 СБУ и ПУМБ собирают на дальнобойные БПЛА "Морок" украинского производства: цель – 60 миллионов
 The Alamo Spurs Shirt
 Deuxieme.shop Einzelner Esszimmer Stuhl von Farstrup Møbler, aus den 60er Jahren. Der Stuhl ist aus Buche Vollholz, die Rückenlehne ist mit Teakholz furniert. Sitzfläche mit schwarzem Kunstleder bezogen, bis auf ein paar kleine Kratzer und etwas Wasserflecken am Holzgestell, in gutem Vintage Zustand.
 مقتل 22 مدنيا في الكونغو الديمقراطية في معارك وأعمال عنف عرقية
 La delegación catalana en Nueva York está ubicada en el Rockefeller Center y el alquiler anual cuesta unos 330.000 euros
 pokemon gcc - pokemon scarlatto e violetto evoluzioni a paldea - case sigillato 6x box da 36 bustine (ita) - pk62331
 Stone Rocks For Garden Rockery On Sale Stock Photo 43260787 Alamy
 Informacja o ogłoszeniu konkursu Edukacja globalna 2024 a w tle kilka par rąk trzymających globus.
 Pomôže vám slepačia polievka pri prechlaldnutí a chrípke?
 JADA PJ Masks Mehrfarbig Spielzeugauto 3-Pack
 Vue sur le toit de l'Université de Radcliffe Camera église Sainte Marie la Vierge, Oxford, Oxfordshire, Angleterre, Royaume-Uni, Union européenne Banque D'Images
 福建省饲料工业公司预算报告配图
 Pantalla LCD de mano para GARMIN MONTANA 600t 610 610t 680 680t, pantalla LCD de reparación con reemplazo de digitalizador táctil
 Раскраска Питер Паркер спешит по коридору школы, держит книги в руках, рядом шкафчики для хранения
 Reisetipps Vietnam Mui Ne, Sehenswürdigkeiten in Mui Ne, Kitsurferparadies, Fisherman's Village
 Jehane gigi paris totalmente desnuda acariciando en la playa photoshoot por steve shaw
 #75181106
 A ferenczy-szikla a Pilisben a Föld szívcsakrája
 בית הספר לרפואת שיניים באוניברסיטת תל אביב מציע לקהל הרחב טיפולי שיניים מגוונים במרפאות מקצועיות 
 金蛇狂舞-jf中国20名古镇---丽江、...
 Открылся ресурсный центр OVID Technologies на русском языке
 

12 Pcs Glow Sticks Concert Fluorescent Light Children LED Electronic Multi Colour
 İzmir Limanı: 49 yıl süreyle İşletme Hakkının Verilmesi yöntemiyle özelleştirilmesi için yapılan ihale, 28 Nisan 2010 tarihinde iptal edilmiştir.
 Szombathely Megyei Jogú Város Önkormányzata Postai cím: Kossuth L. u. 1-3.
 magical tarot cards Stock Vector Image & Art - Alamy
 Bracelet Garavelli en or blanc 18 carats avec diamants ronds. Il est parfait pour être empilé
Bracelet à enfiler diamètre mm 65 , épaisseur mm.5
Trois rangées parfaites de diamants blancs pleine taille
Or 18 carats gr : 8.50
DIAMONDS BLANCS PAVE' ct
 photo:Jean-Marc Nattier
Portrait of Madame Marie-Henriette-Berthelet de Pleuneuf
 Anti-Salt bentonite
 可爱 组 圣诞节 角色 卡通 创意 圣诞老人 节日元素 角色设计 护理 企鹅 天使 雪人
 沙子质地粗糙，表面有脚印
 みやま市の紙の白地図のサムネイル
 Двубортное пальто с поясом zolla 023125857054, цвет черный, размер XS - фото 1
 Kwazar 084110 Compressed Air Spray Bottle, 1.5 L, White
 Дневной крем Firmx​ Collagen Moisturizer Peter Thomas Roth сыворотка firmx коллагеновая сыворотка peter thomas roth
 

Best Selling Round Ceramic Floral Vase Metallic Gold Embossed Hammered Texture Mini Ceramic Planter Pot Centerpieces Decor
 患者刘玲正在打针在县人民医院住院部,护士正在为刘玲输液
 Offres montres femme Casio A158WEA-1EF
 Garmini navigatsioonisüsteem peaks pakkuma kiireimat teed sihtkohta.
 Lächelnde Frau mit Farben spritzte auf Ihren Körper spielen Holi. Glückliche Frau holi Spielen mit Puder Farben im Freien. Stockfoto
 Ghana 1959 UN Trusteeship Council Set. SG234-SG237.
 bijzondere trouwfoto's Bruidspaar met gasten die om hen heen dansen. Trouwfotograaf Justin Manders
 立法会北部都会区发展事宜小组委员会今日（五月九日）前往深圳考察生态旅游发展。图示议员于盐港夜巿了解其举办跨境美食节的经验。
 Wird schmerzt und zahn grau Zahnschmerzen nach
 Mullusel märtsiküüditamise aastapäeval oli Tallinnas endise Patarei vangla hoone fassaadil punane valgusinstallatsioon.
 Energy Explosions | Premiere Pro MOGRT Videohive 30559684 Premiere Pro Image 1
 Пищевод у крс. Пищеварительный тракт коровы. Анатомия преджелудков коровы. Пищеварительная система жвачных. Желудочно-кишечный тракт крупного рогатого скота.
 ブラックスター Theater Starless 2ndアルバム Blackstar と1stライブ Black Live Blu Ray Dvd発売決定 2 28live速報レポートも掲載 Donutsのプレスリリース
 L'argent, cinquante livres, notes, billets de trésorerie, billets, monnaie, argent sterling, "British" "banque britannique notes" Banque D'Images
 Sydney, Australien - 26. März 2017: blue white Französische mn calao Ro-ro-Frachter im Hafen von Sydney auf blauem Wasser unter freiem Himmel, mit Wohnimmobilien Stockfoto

-------

• _Problem description_
Every single entry is to be retyped exactly.

• _Task response_
 СБУ и ПУМБ собирают на дальнобойные БПЛА "Морок" украинского производства: цель – 60 миллионов
 The Alamo Spurs Shirt
 Deuxieme.shop Einzelner Esszimmer Stuhl von Farstrup Møbler, aus den 60er Jahren. Der Stuhl ist aus Buche Vollholz, die Rückenlehne ist mit Teakholz furniert. Sitzfläche mit schwarzem Kunstleder bezogen, bis auf ein paar kleine Kratzer und etwas Wasserflecken am Holzgestell, in gutem Vintage Zustand.
 مقتل 22 مدنيا في الكونغو الديمقراطية في معارك وأعمال عنف عرقية
 La delegación catalana en Nueva York está ubicada en el Rockefeller Center y el alquiler anual cuesta unos 330.000 euros
 pokemon gcc - pokemon scarlatto e violetto evoluzioni a paldea - case sigillato 6x box da 36 bustine (ita) - pk62331
 Stone Rocks For Garden Rockery On Sale Stock Photo 43260787 Alamy
 Informacja o ogłoszeniu konkursu Edukacja globalna 2024 a w tle kilka par rąk trzymających globus.
 Pomôže vám slepačia polievka pri prechlaldnutí a chrípke?
 JADA PJ Masks Mehrfarbig Spielzeugauto 3-Pack
 Vue sur le toit de l'Université de Radcliffe Camera église Sainte Marie la Vierge, Oxford, Oxfordshire, Angleterre, Royaume-Uni, Union européenne Banque D'Images
 福建省饲料工业公司预算报告配图
 Pantalla LCD de mano para GARMIN MONTANA 600t 610 610t 680 680t, pantalla LCD de reparación con reemplazo de digitalizador táctil
 Раскраска Питер Паркер спешит по коридору школы, держит книги в руках, рядом шкафчики для хранения
 Reisetipps Vietnam Mui Ne, Sehenswürdigkeiten in Mui Ne, Kitsurferparadies, Fisherman's Village
 Jehane gigi paris totalmente desnuda acariciando en la playa photoshoot por steve shaw
 #75181106
 A ferenczy-szikla a Pilisben a Föld szívcsakrája
 בית הספר לרפואת שיניים באוניברסיטת תל אביב מציע לקהל הרחב טיפולי שיניים מגוונים במרפאות מקצועיות 
 金蛇狂舞-jf中国20名古镇---丽江、...
 Открылся ресурсный центр OVID Technologies на русском языке
 

12 Pcs Glow Sticks Concert Fluorescent Light Children LED Electronic Multi Colour
 İzmir Limanı: 49 yıl süreyle İşletme Hakkının Verilmesi yöntemiyle özelleştirilmesi için yapılan ihale, 28 Nisan 2010 tarihinde iptal edilmiştir.
 Szombathely Megyei Jogú Város Önkormányzata Postai cím: Kossuth L. u. 1-3.
 magical tarot cards Stock Vector Image & Art - Alamy
 Bracelet Garavelli en or blanc 18 carats avec diamants ronds. Il est parfait pour être empilé
Bracelet à enfiler diamètre mm 65 , épaisseur mm.5
Trois rangées parfaites de diamants blancs pleine taille
Or 18 carats gr : 8.50
DIAMONDS BLANCS PAVE' ct
 photo:Jean-Marc Nattier
Portrait of Madame Marie-Henriette-Berthelet de Pleuneuf
 Anti-Salt bentonite
 可爱 组 圣诞节 角色 卡通 创意 圣诞老人 节日元素 角色设计 护理 企鹅 天使 雪人
 沙子质地粗糙，表面有脚印
 みやま市の紙の白地図のサムネイル
 Двубортное пальто с поясом zolla 023125857054, цвет черный, размер XS - фото 1
 Kwazar 084110 Compressed Air Spray Bottle, 1.5 L, White
 Дневной крем Firmx​ Collagen Moisturizer Peter Thomas Roth сыворотка firmx коллагеновая сыворотка peter thomas roth
 

Best Selling Round Ceramic Floral Vase Metallic Gold Embossed Hammered Texture Mini Ceramic Planter Pot Centerpieces Decor
 患者刘玲正在打针在县人民医院住院部,护士正在为刘玲输液
 Offres montres femme Casio A158WEA-1EF
 Garmini navigatsioonisüsteem peaks pakkuma kiireimat teed sihtkohta.
 Lächelnde Frau mit Farben spritzte auf Ihren Körper spielen Holi. Glückliche Frau holi Spielen mit Puder Farben im Freien. Stockfoto
 Ghana 1959 UN Trusteeship Council Set. SG234-SG237.
 bijzondere trouwfoto's Bruidspaar met gasten die om hen heen dansen. Trouwfotograaf Justin Manders
 立法会北部都会区发展事宜小组委员会今日（五月九日）前往深圳考察生态旅游发展。图示议员于盐港夜巿了解其举办跨境美食节的经验。
 Wird schmerzt und zahn grau Zahnschmerzen nach
 Mullusel märtsiküüditamise aastapäeval oli Tallinnas endise Patarei vangla hoone fassaadil punane valgusinstallatsioon.
 Energy Explosions | Premiere Pro MOGRT Videohive 30559684 Premiere Pro Image 1
 Пищевод у крс. Пищеварительный тракт коровы. Анатомия преджелудков коровы. Пищеварительная система жвачных. Желудочно-кишечный тракт крупного рогатого скота.
 ブラックスター Theater Starless 2ndアルバム Blackstar と1stライブ Black Live Blu Ray Dvd発売決定 2 28live速報レポートも掲載 Donutsのプレスリリース
 L'argent, cinquante livres, notes, billets de trésorerie, billets, monnaie, argent sterling, "British" "banque britannique notes" Banque D'Images
 Sydney, Australien - 26. März 2017: blue white Französische mn calao Ro-ro-Frachter im Hafen von Sydney auf blauem Wasser unter freiem Himmel, mit Wohnimmobilien Stockfoto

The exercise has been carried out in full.